_Task brief_: In this exercise, write out the data word for word and leave every image out.

_Supplied material_:
__________

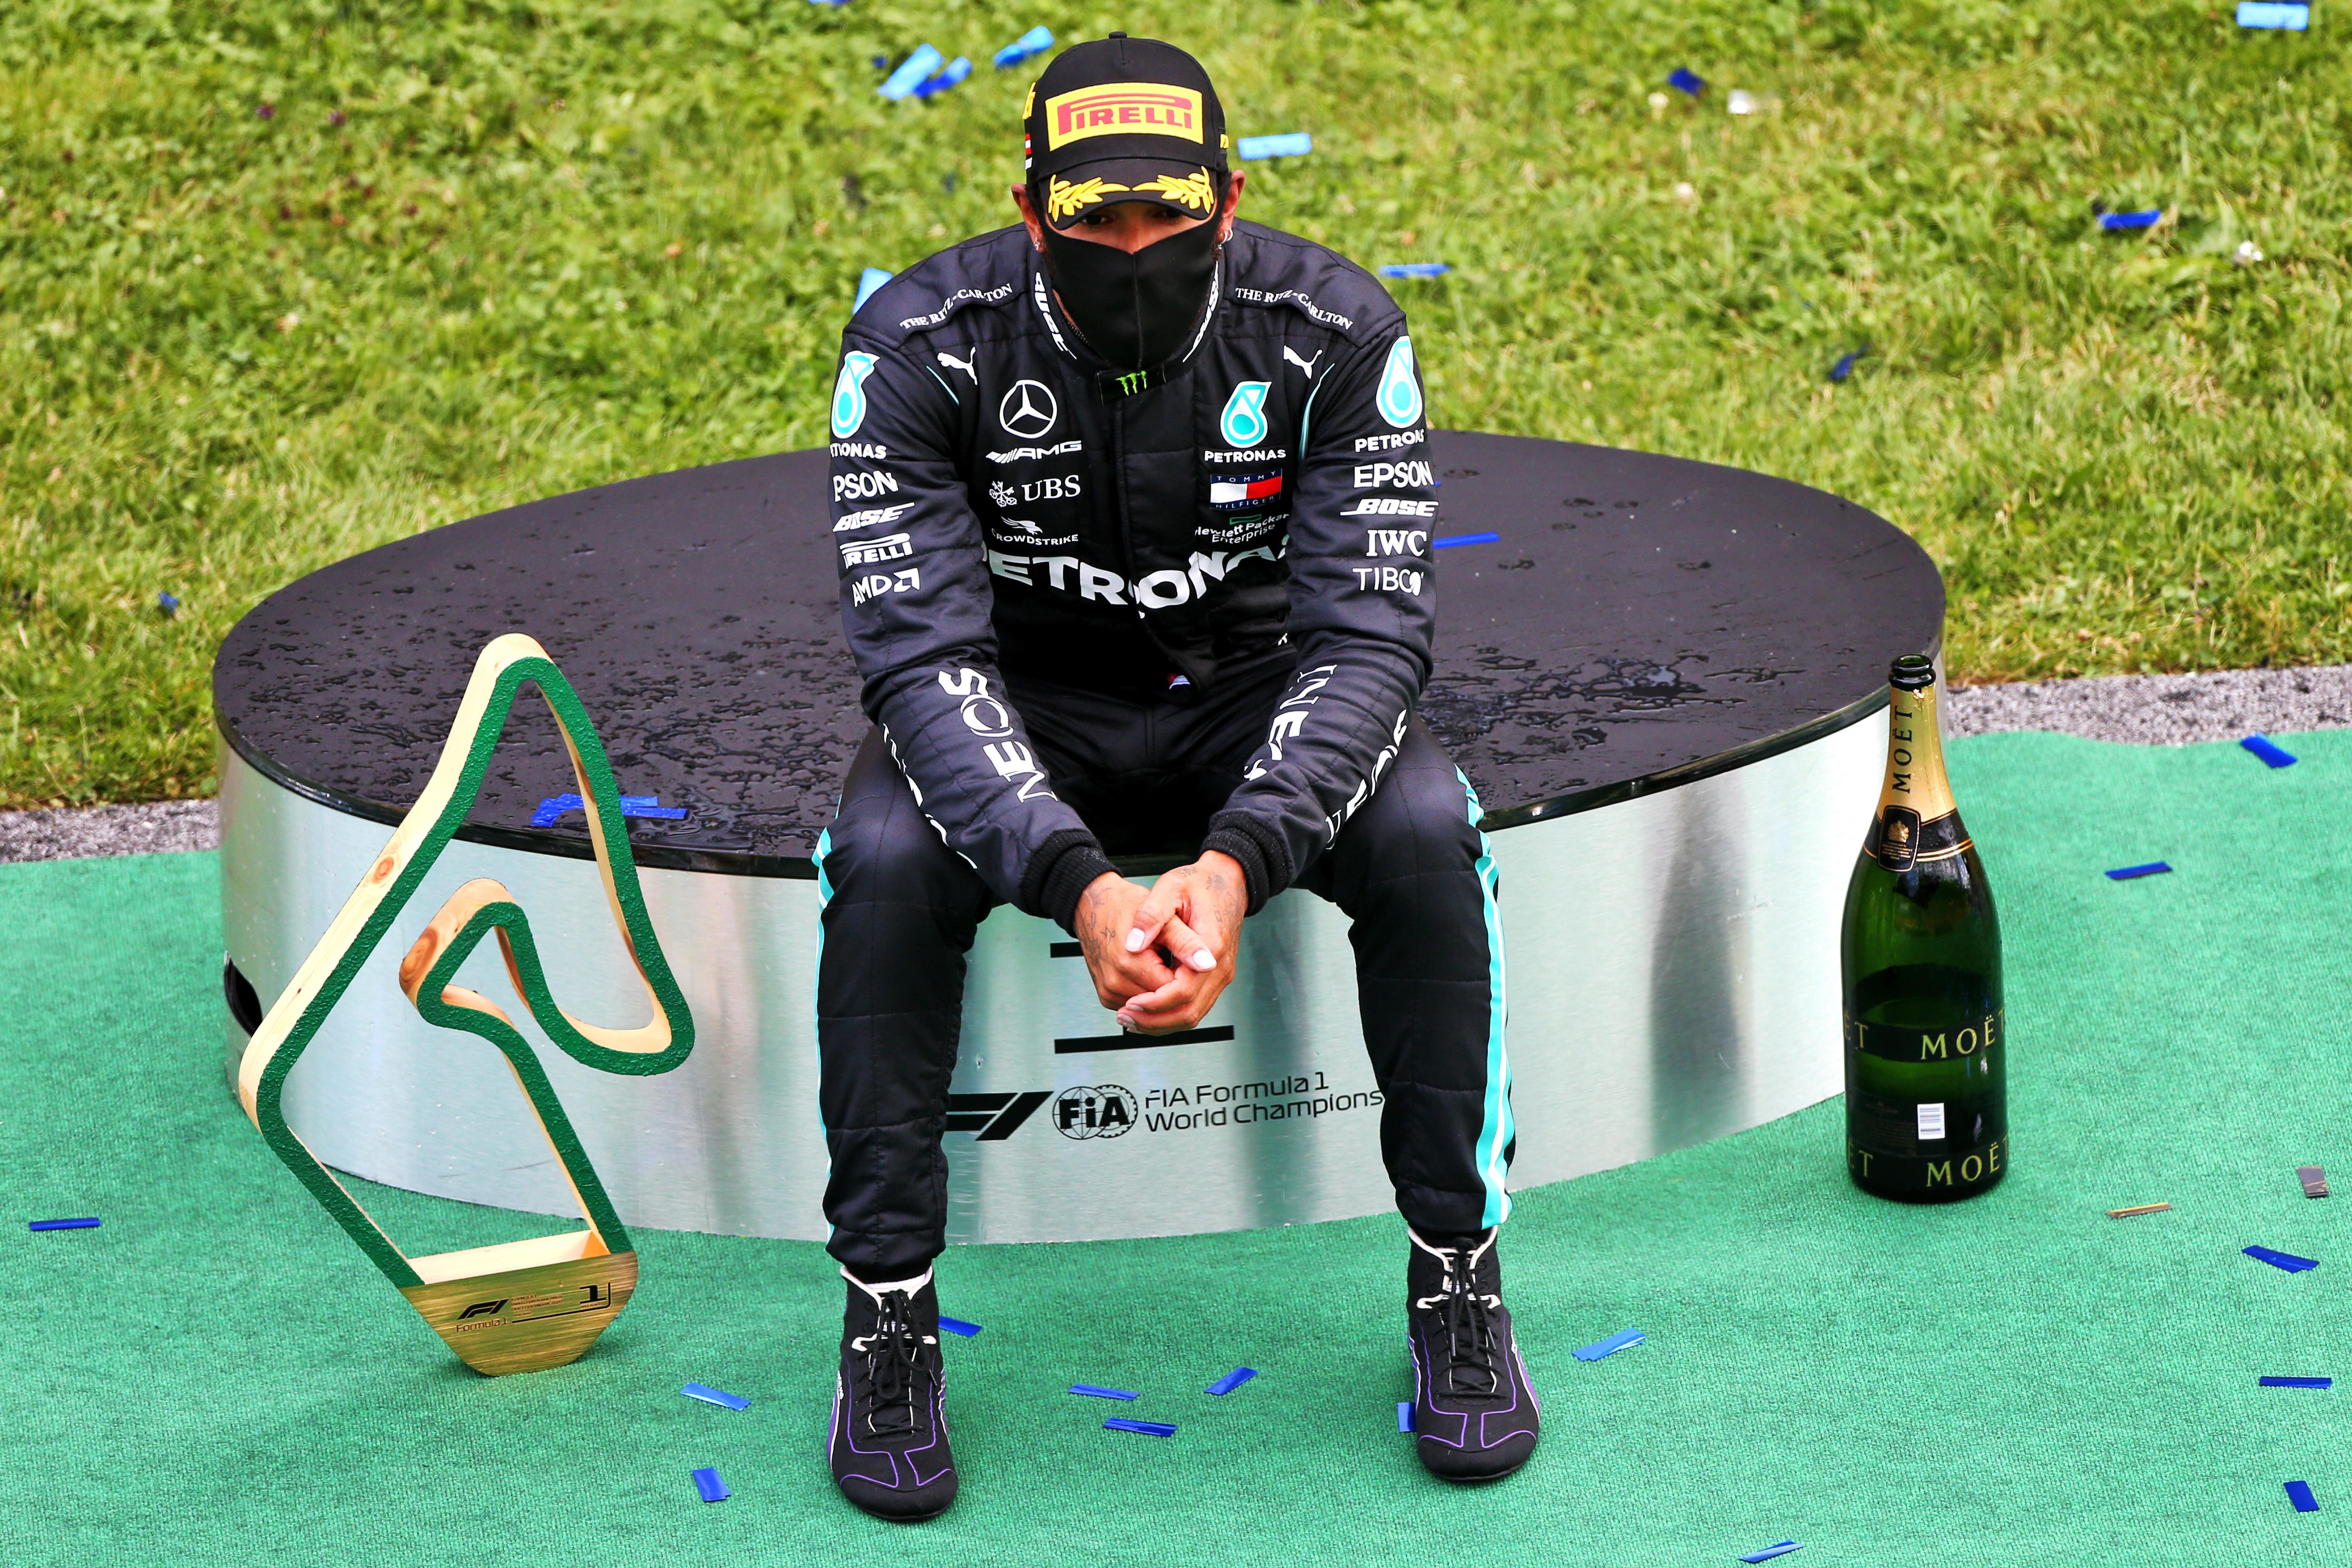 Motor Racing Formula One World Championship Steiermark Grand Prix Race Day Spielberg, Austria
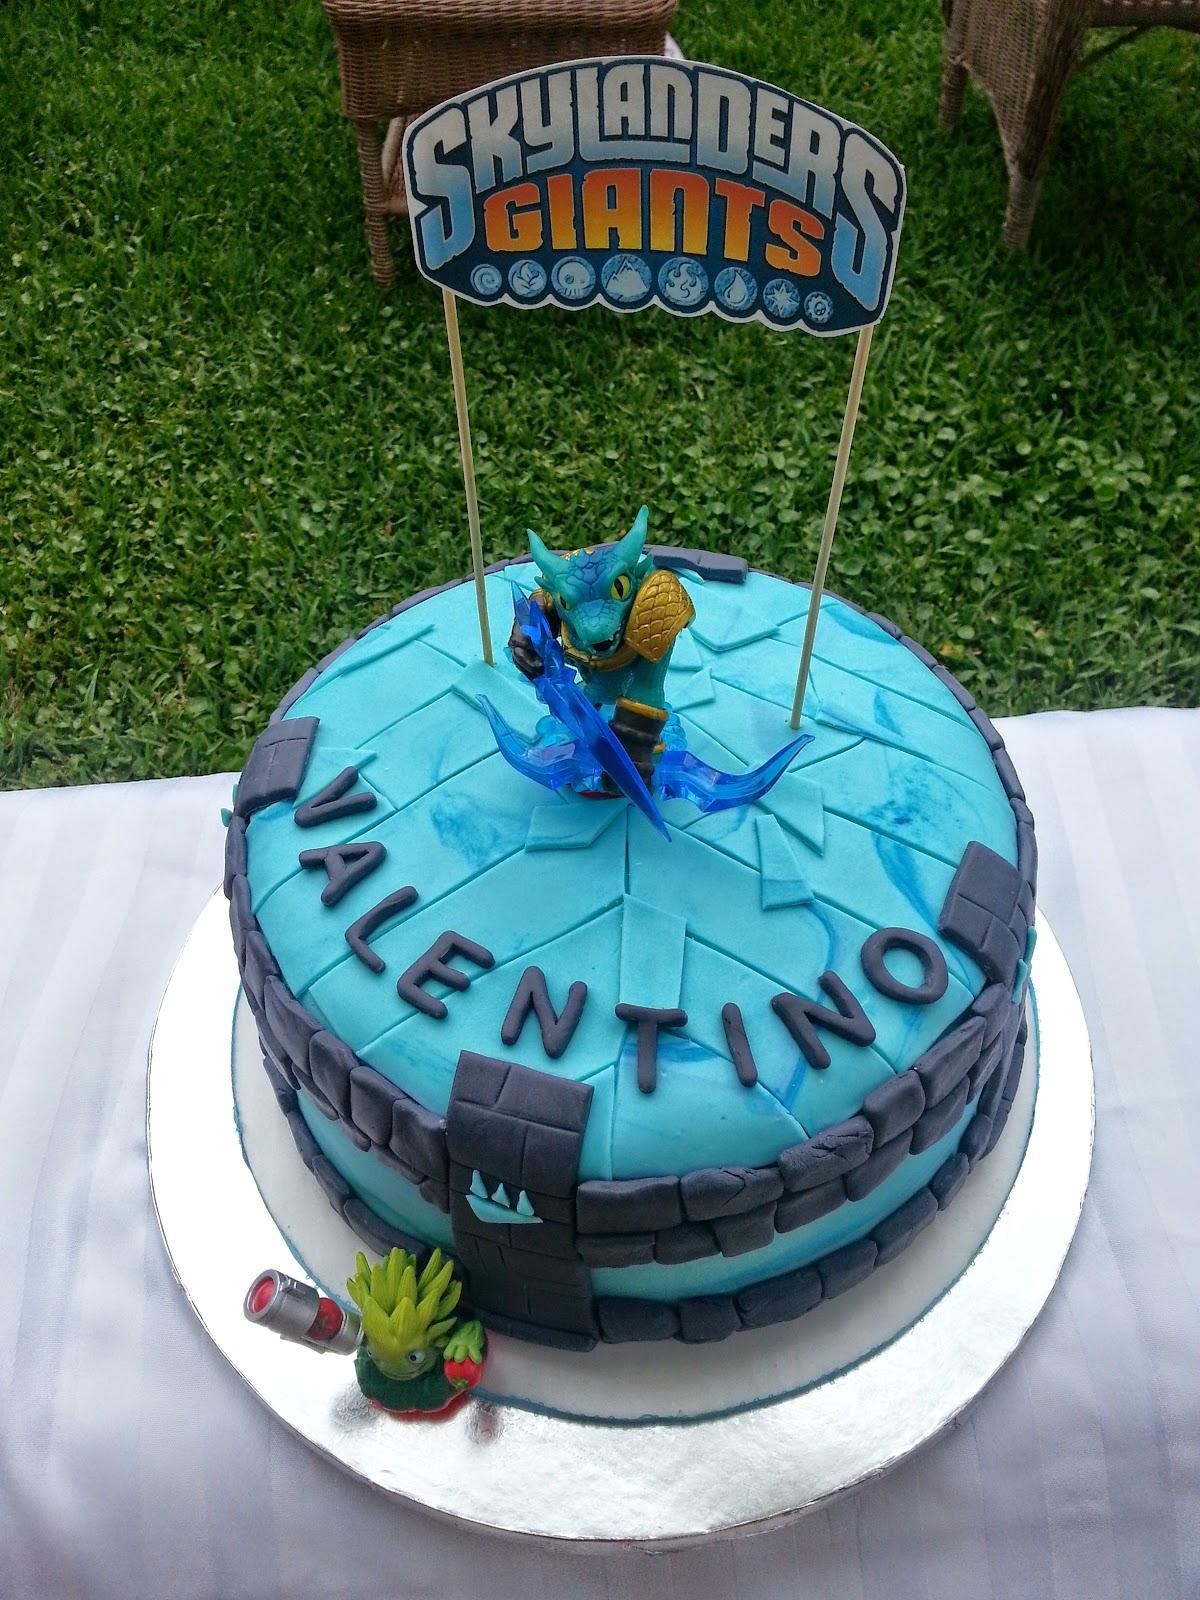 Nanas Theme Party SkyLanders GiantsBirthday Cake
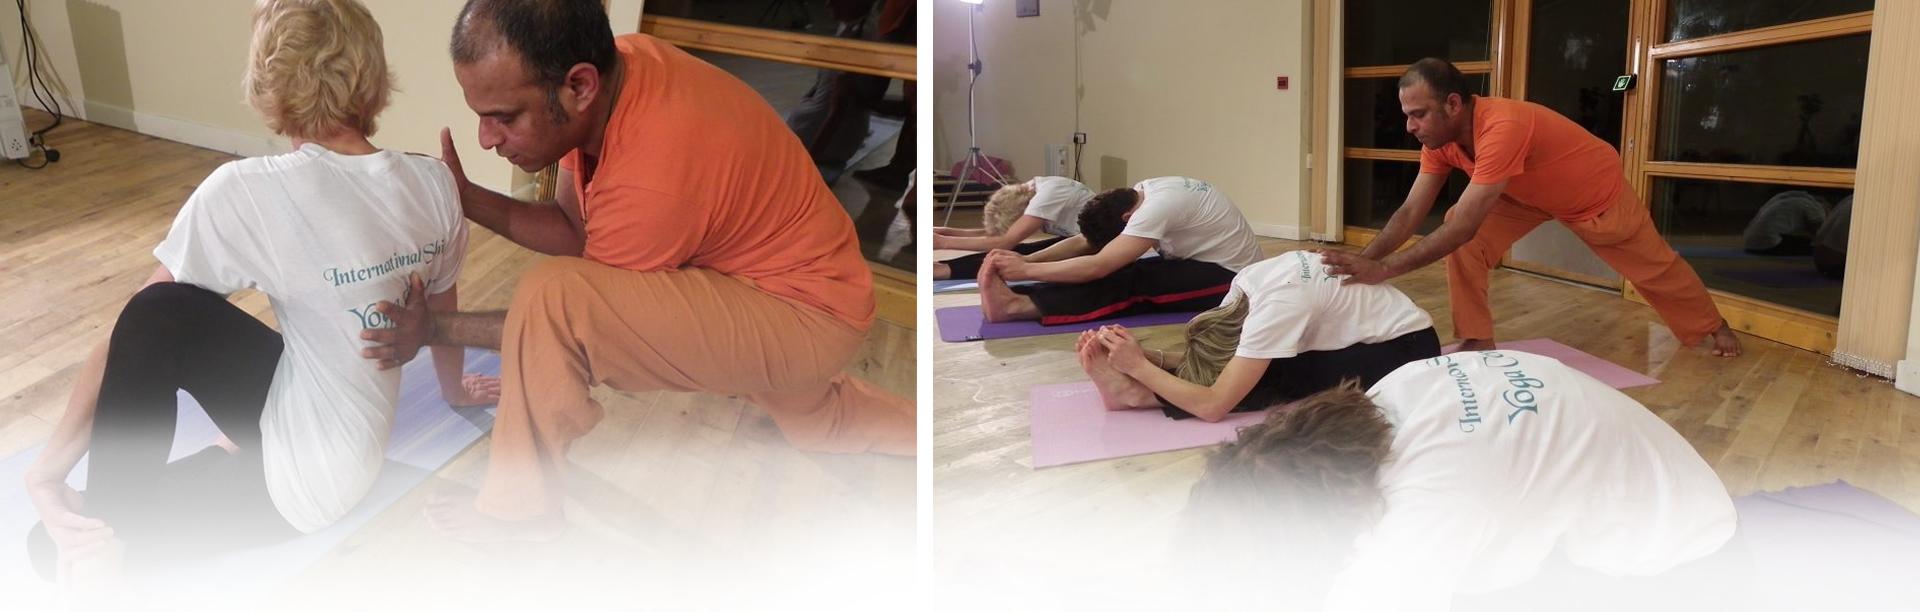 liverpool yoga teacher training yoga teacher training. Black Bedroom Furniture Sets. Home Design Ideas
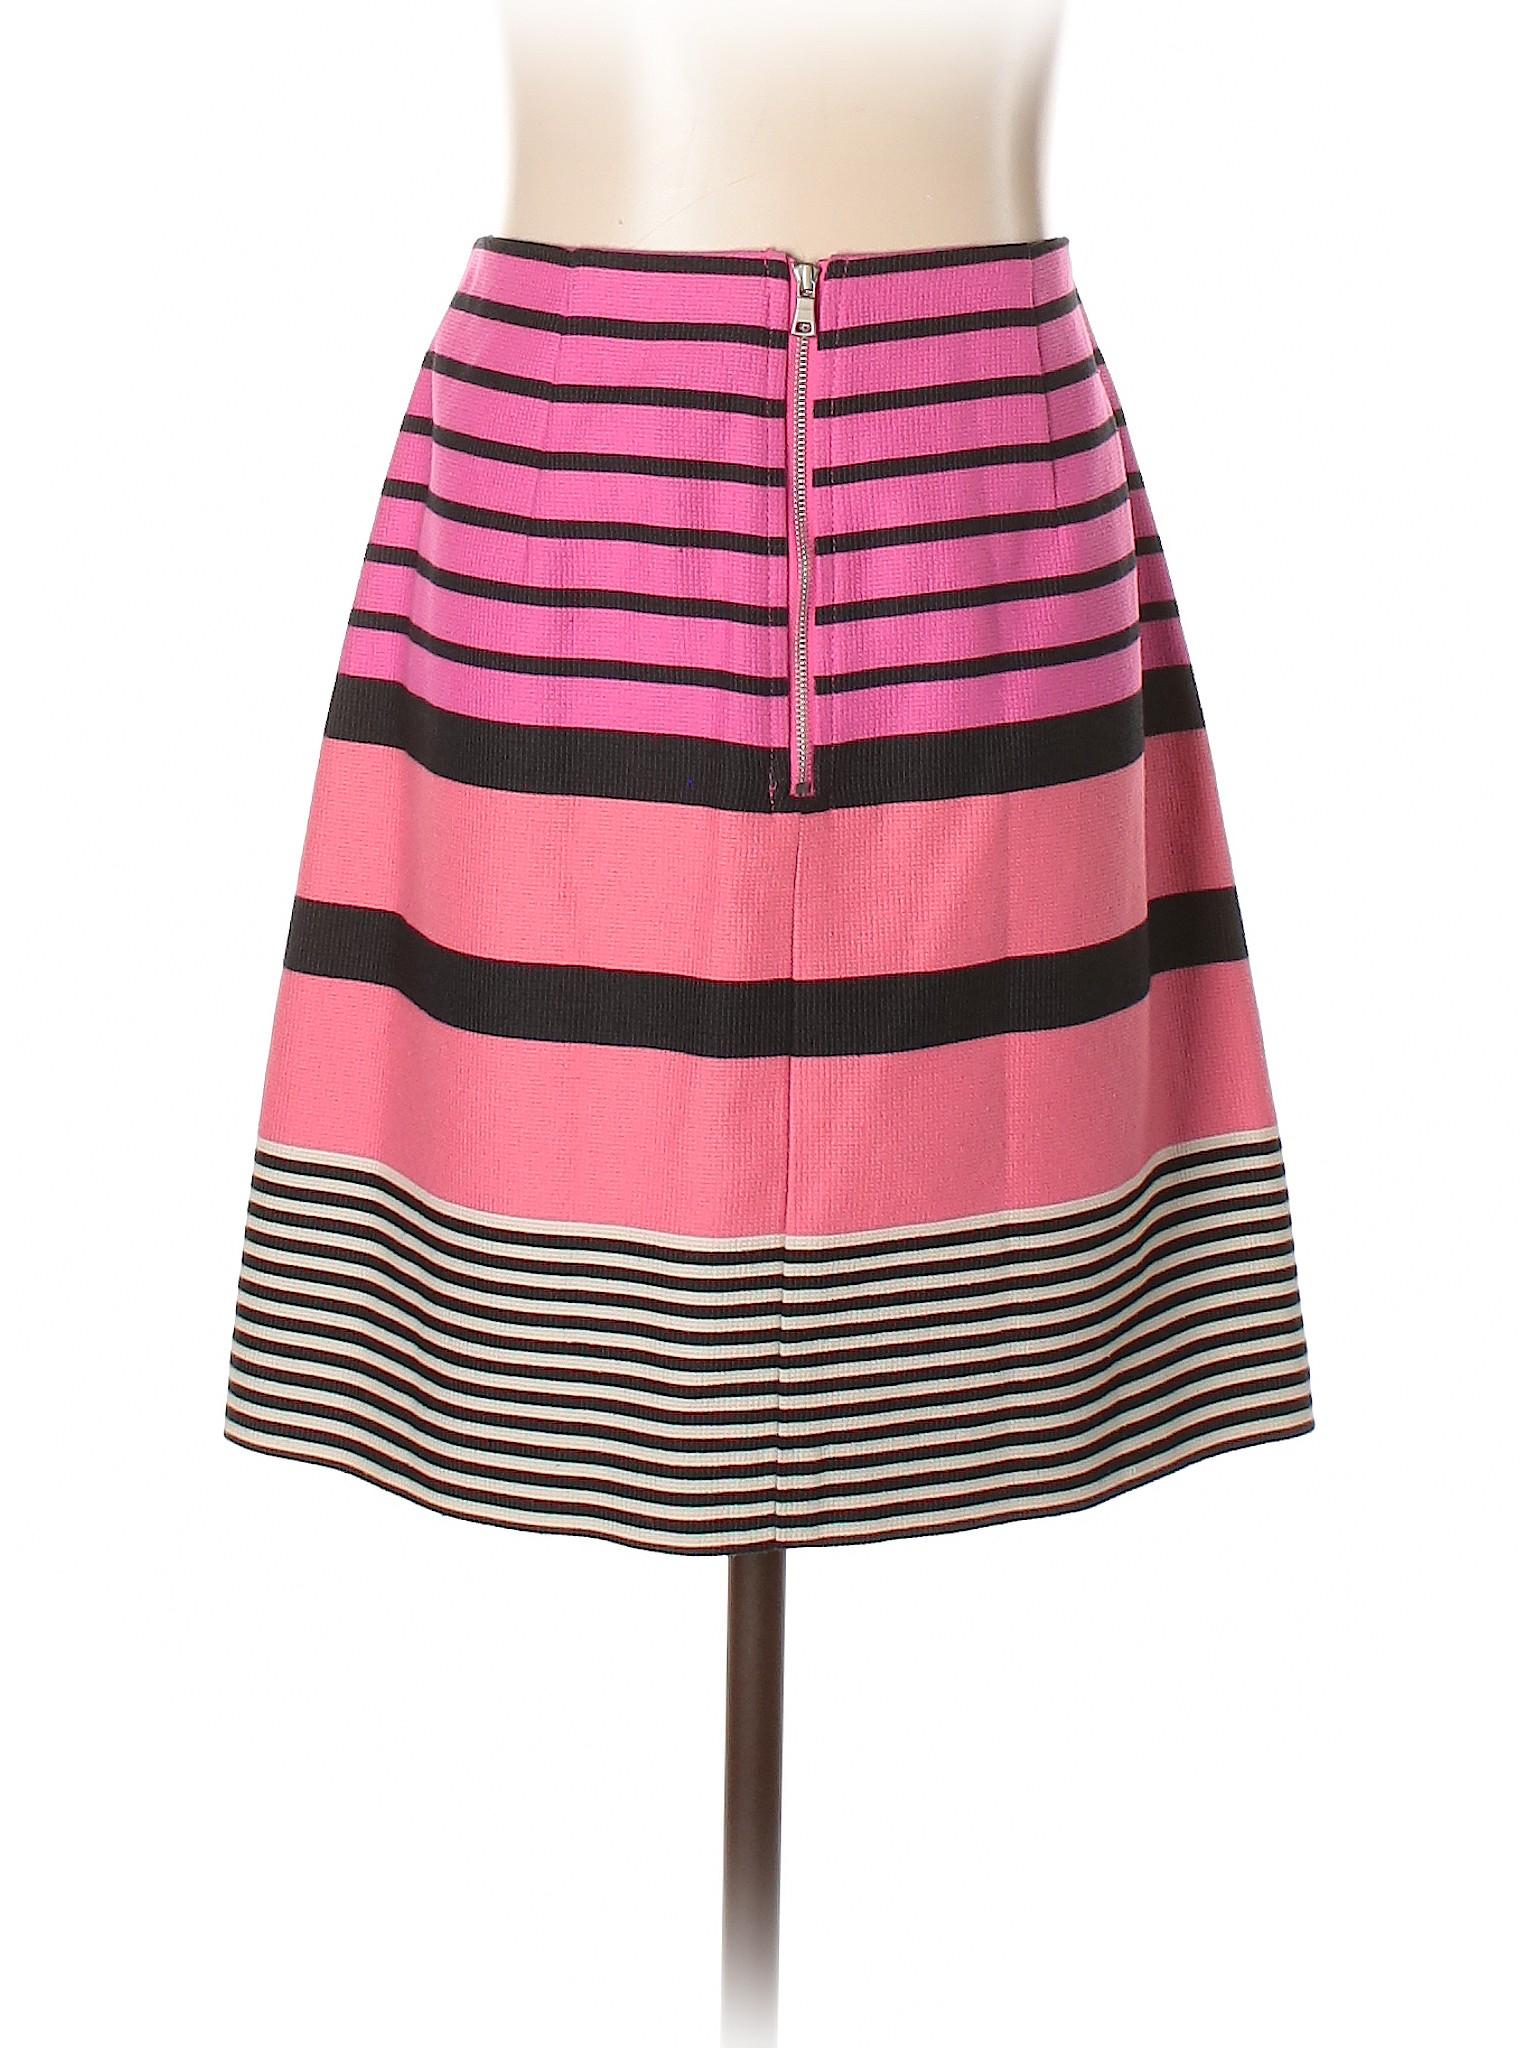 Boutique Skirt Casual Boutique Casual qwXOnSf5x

__________

_Response box_:
 Motor Racing Formula One World Championship Steiermark Grand Prix Race Day Spielberg, Austria
 Nanas Theme Party SkyLanders GiantsBirthday Cake
 liverpool yoga teacher training yoga teacher training. Black Bedroom Furniture Sets. Home Design Ideas
 Boutique Skirt Casual Boutique Casual qwXOnSf5x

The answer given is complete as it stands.